The Commonwealth of Australia was still a young country, having formed a federation just over a decade previous. Australians still regarded Britain as their mother country, and when war broke out, Australia's Prime Minister declared support for Great Britain and formally entered the Great War. Six members of the author's family enlisted to fight the German army. He tells each man's story with informative passages about the region they are in, the larger picture of the war that raged around them, and then brings it back down to the trenches where the soldiers fought. Smith's details regarding ships, armaments, shortages and hardships, and other details of the soldiers' experiences in Egypt and France will be of great interest to readers fascinated by World War I or the contribution of Australia to the Great War.

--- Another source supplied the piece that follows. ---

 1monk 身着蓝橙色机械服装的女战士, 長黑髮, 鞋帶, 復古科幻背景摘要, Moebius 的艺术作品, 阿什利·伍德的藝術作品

One such detail is in the account of Austin Schofield's experience at Gallipoli. A water shortage, bad weather, and devastating losses motivated the British combined forces to evacuate. In order to safely evacuate, they used subterfuge to trick the Turkish forces into thinking they were still there.
Periscopes were to be propped up, and every effort was to be made to create the impression that the trenches were still fully occupied. ... When it was time to finally abandon the trenches, Austin was to help set up some remote firing devices to fire some rifles to keep the illusion that the trenches were occupied. Some rifles had string tired to the trigger and a candle burning until it reached the string. The rifle would then fire.

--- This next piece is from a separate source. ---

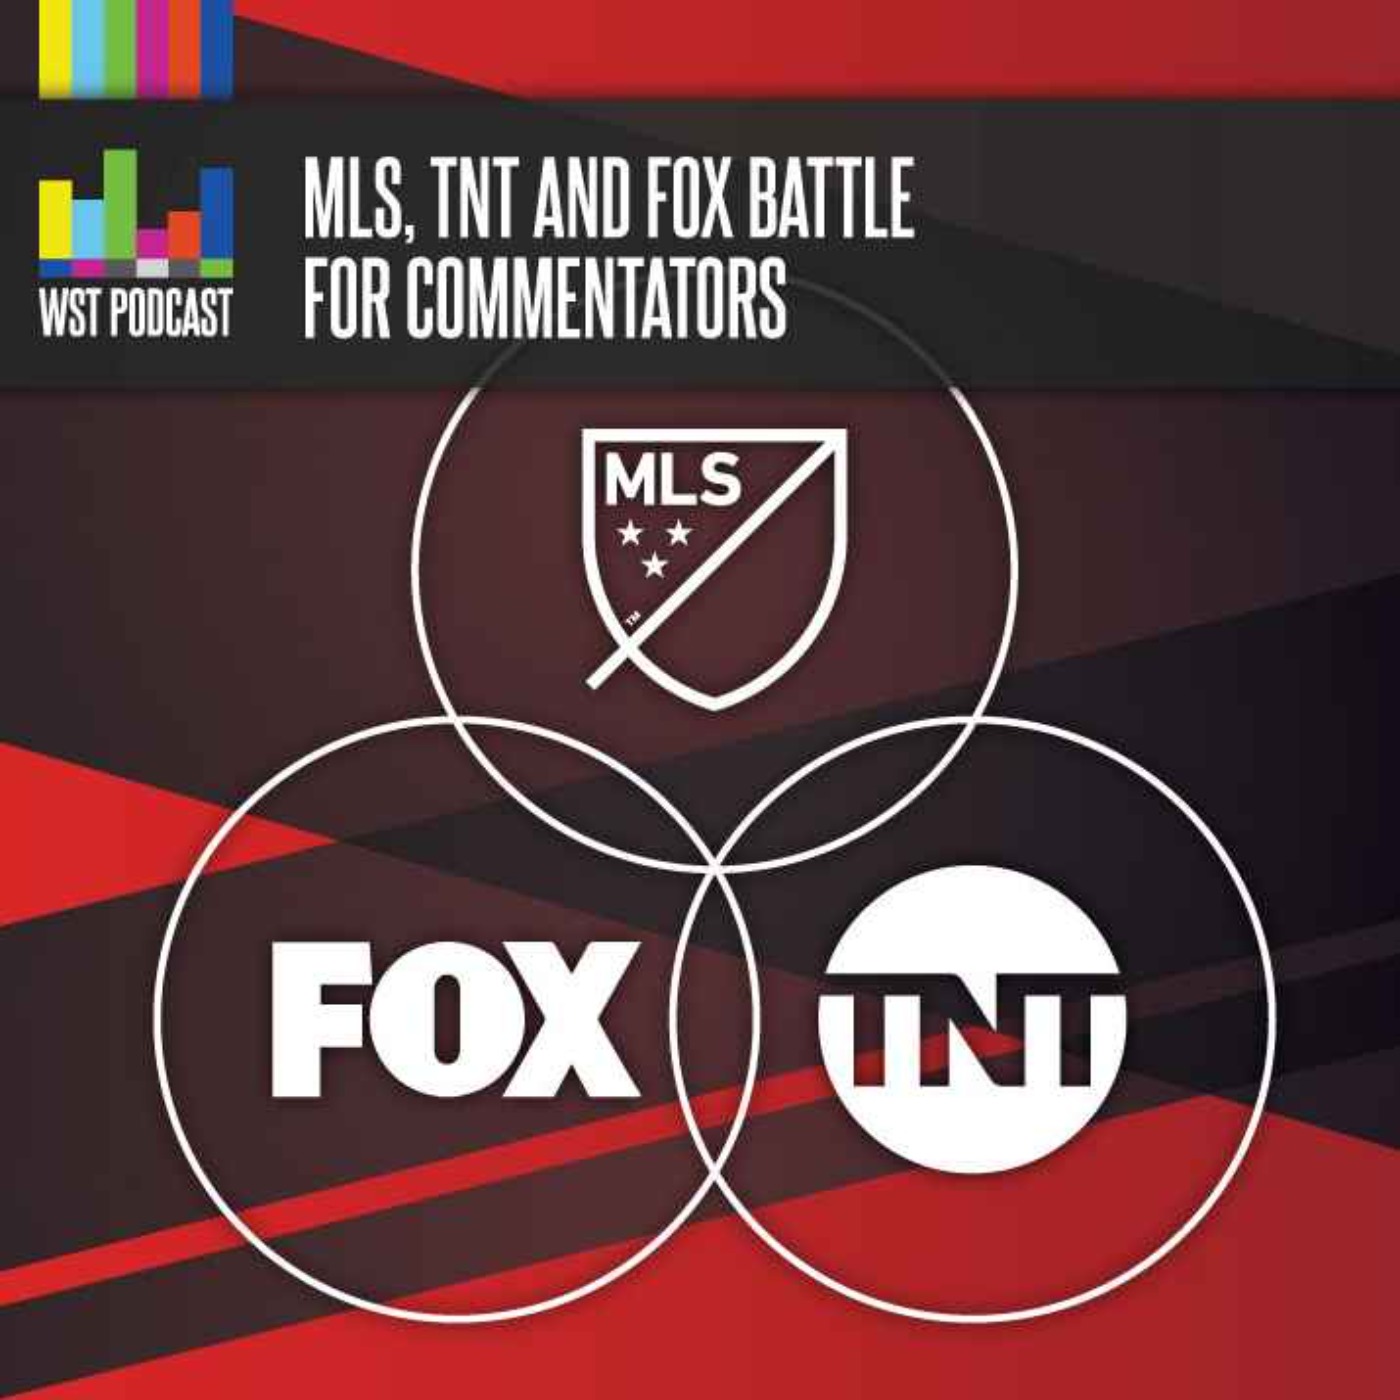 MLS, TNT and FOX battle for commentators

Though the author writes with detachment, the stories of these soldiers in the midst of historic battles give a glimpse into the life, and death, of Australian soldiers. I was particularly interested in the account of William Power, fighting on the Western Front at Fromelles France. The losses to the Australian forces were described as, "the worst 24 hours in Australia's entire history". Though the account is given in a very matter-of-fact manner, it's hard not to sympathize with the Australian soldiers.
The biggest drawback of this book was a simple case of bad editing. In one case, the name of an Egyptian city is spelled three different ways on the same page. Punctuation is inconsistent and made some passages difficult to understand and hard to follow.
Overall, I think the author has done a fine job documenting both his family history and military history. Despite the dry, academic tone of the account, there are moments of humor and humanity that shine through.